**What to produce:** Every line of the data below is to be duplicated exactly, pictures excepted.

**Given data:**
Segment Open

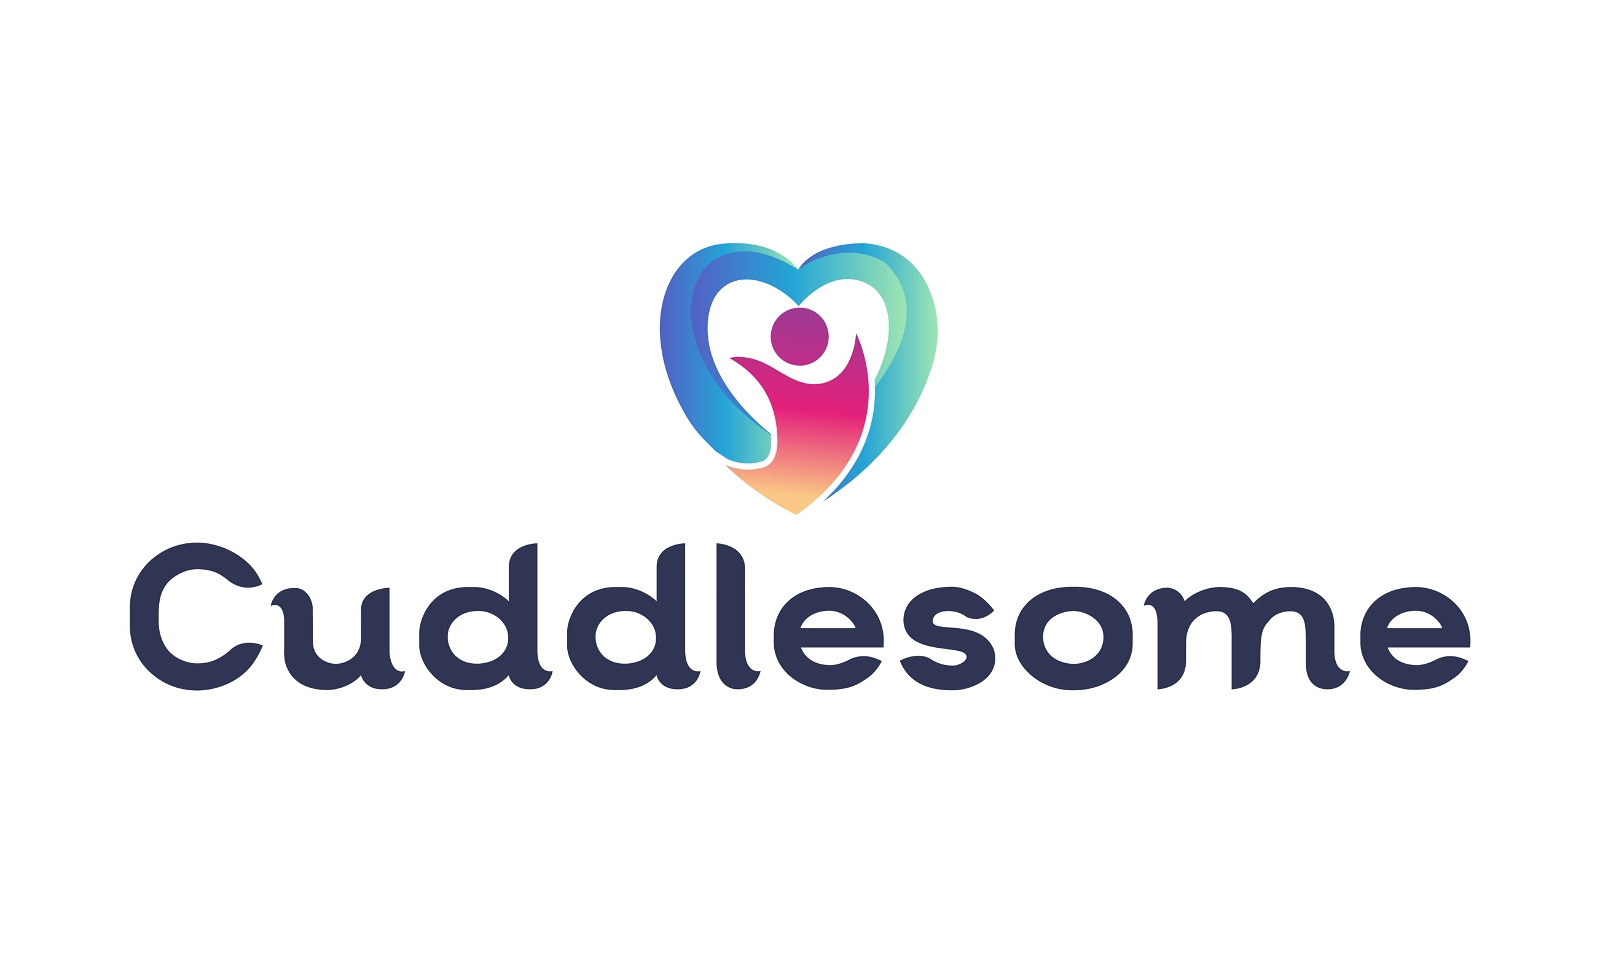 Cuddlesome.com - Creative brandable domain for sale
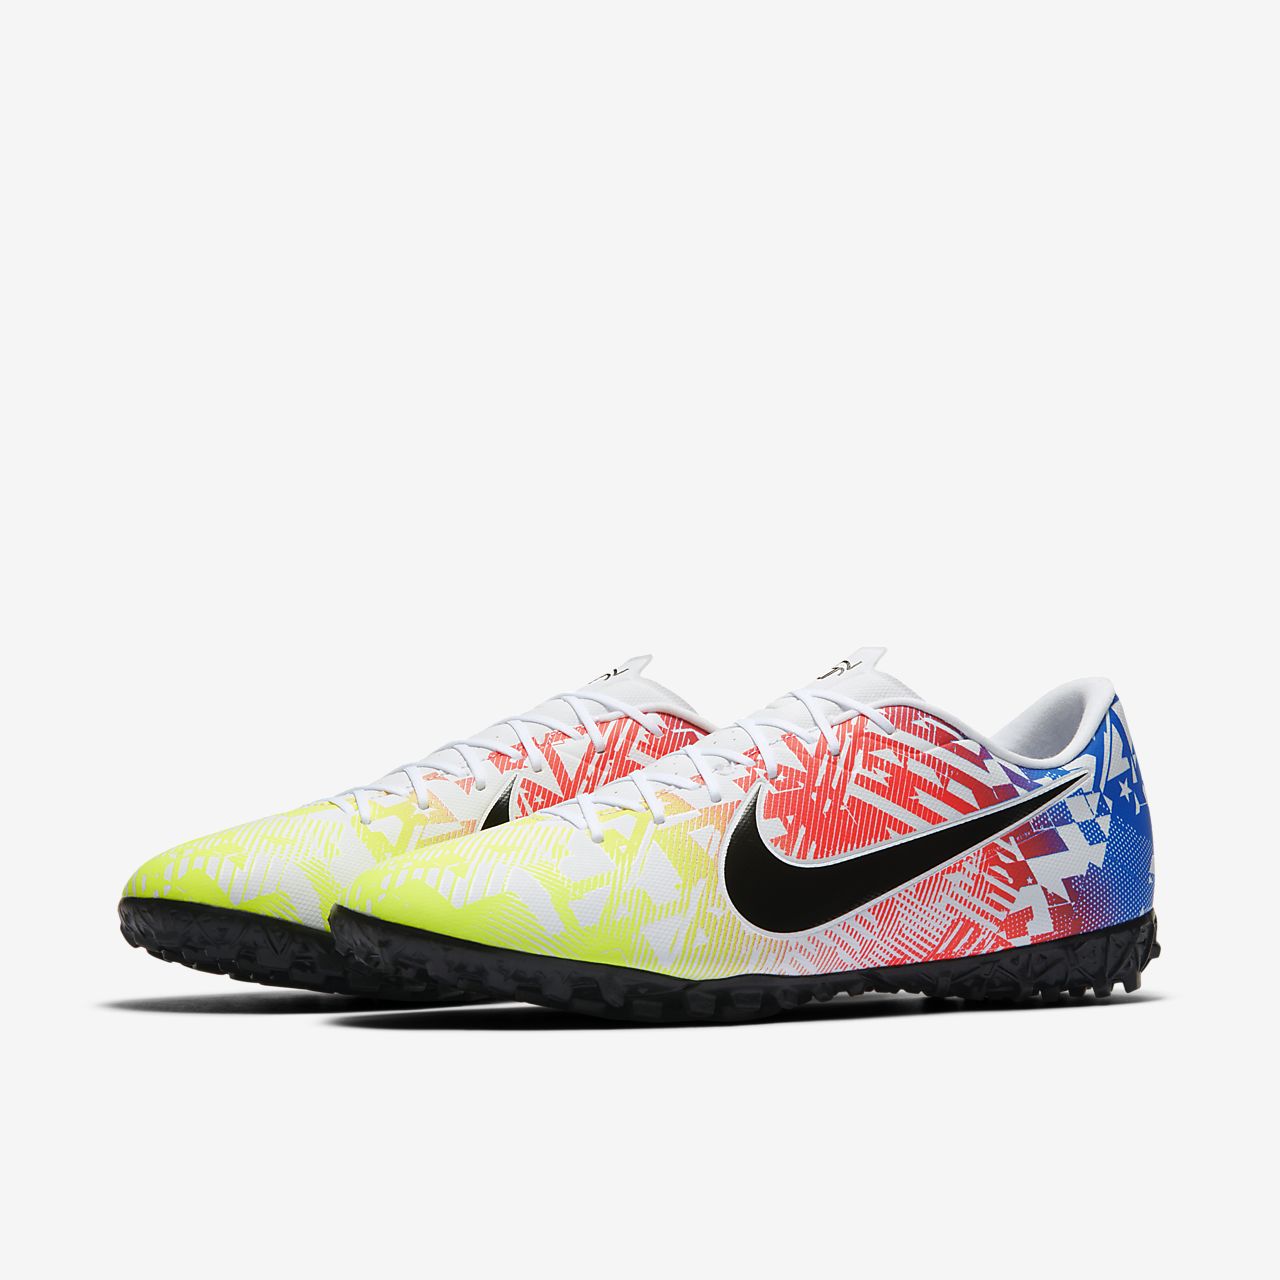 Nike Mercurial Vapor 13 Club TF Artificial Turf Football Shoe
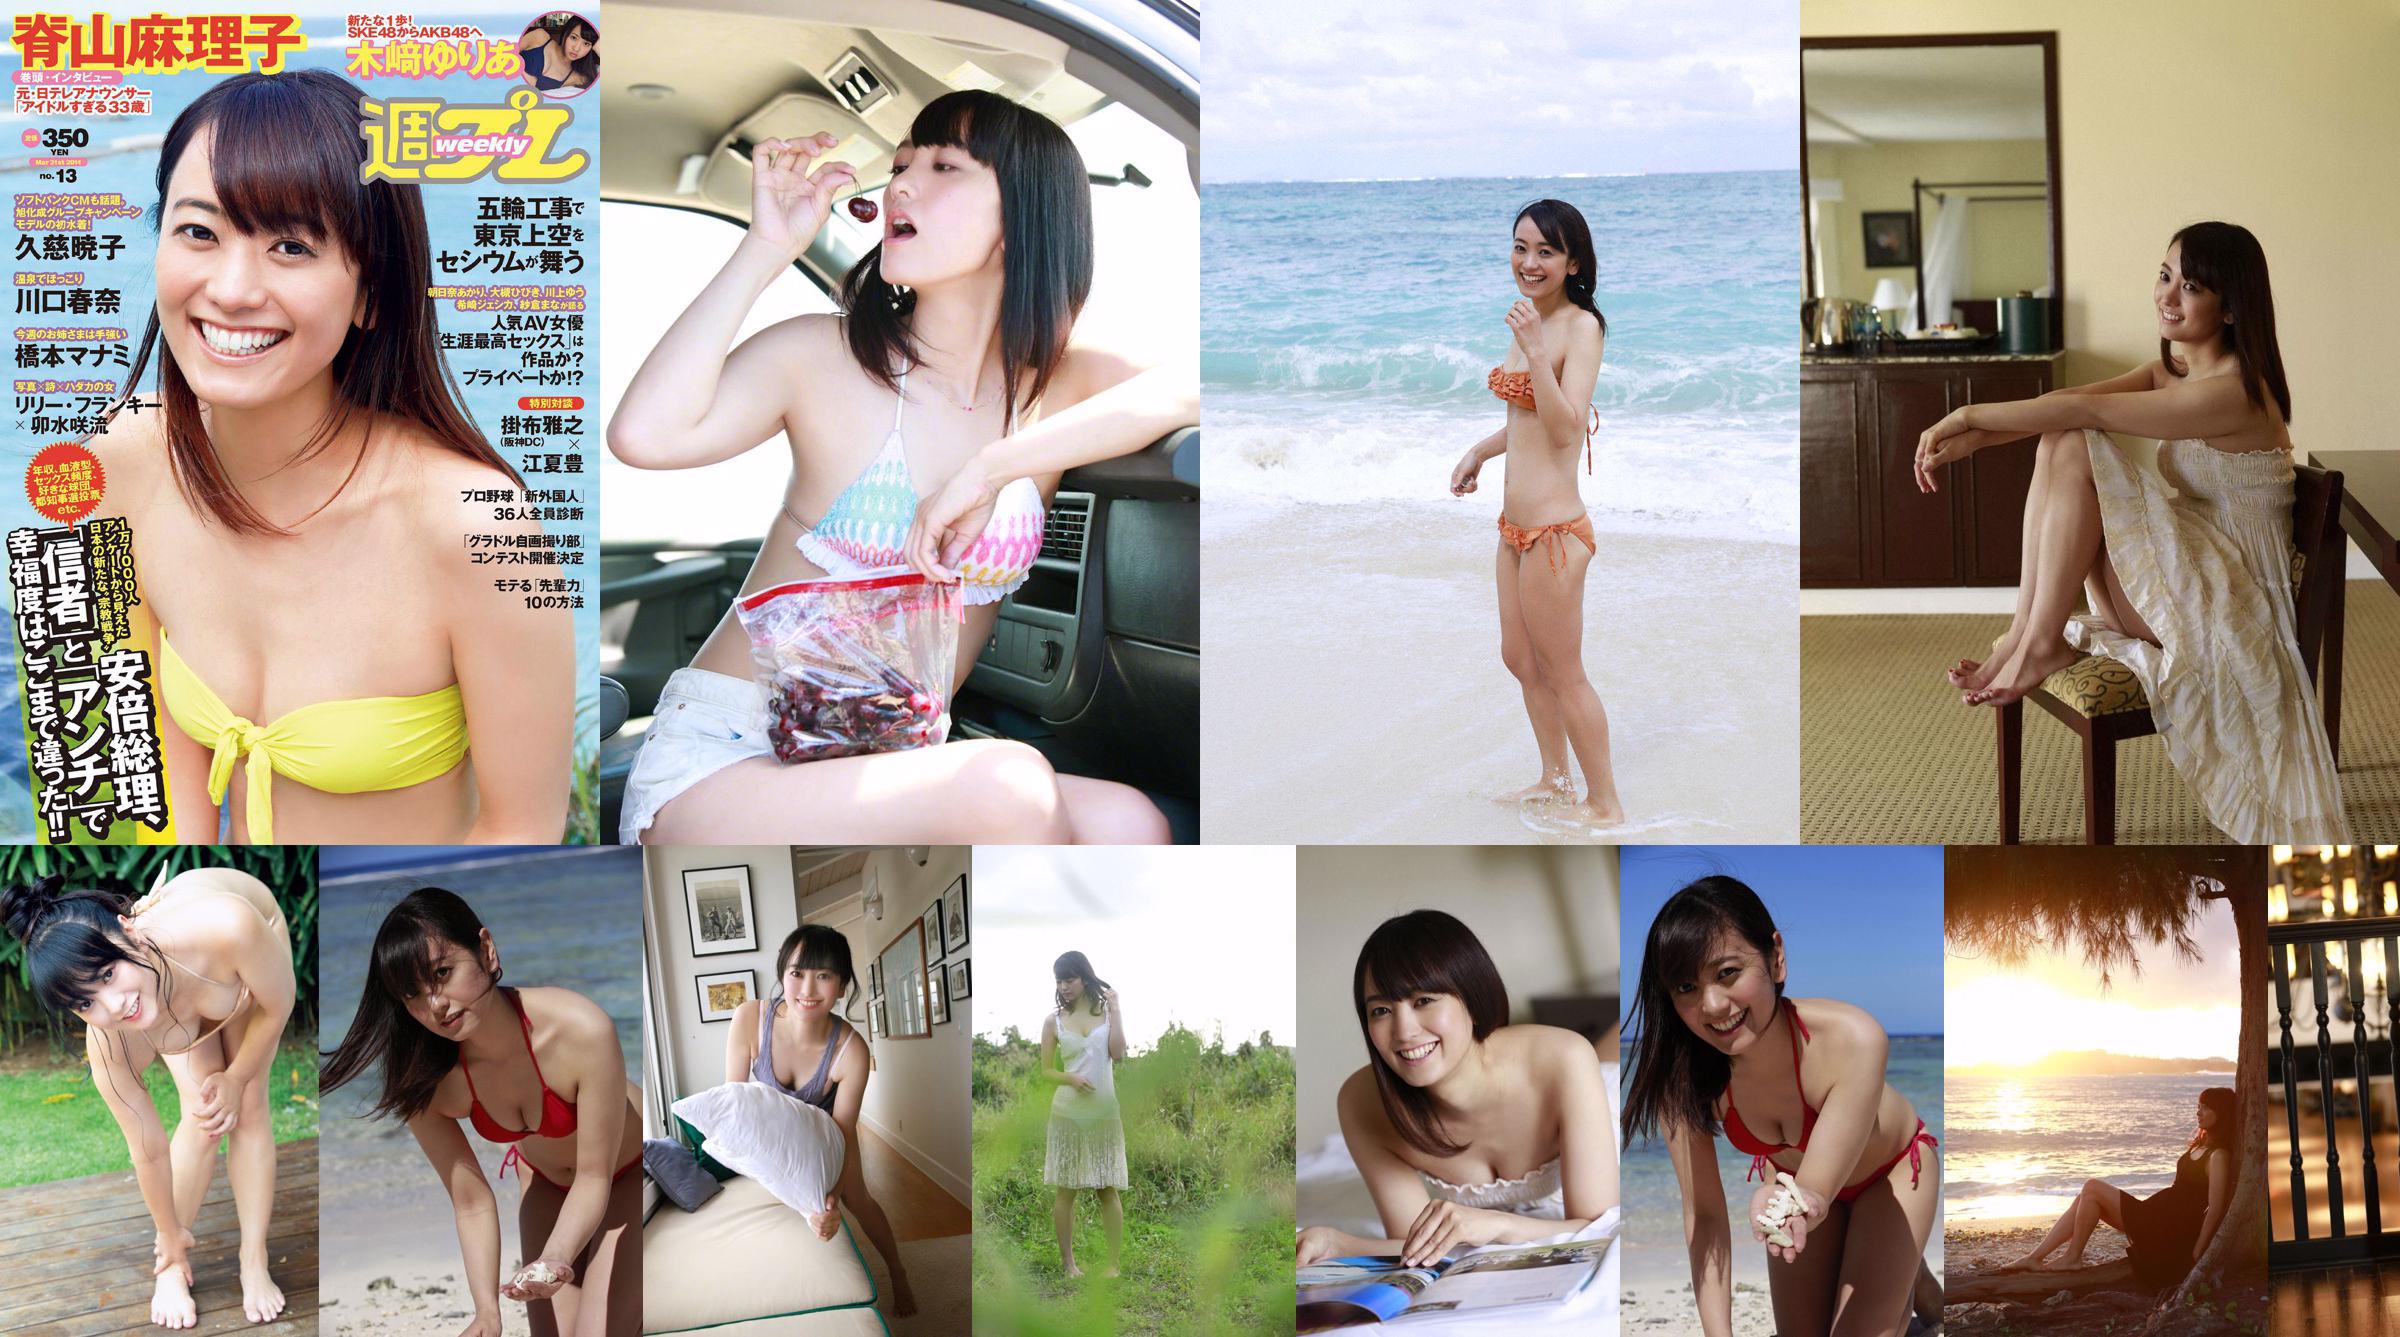 Sariyama Mariko "Aidaru 33 tahun" [WPB-net] No. 165 No.ed18ec Halaman 1

Segment Closed

**Finished task:**
 Cuddlesome.com - Creative brandable domain for sale
 Nike Mercurial Vapor 13 Club TF Artificial Turf Football Shoe
 Sariyama Mariko "Aidaru 33 tahun" [WPB-net] No. 165 No.ed18ec Halaman 1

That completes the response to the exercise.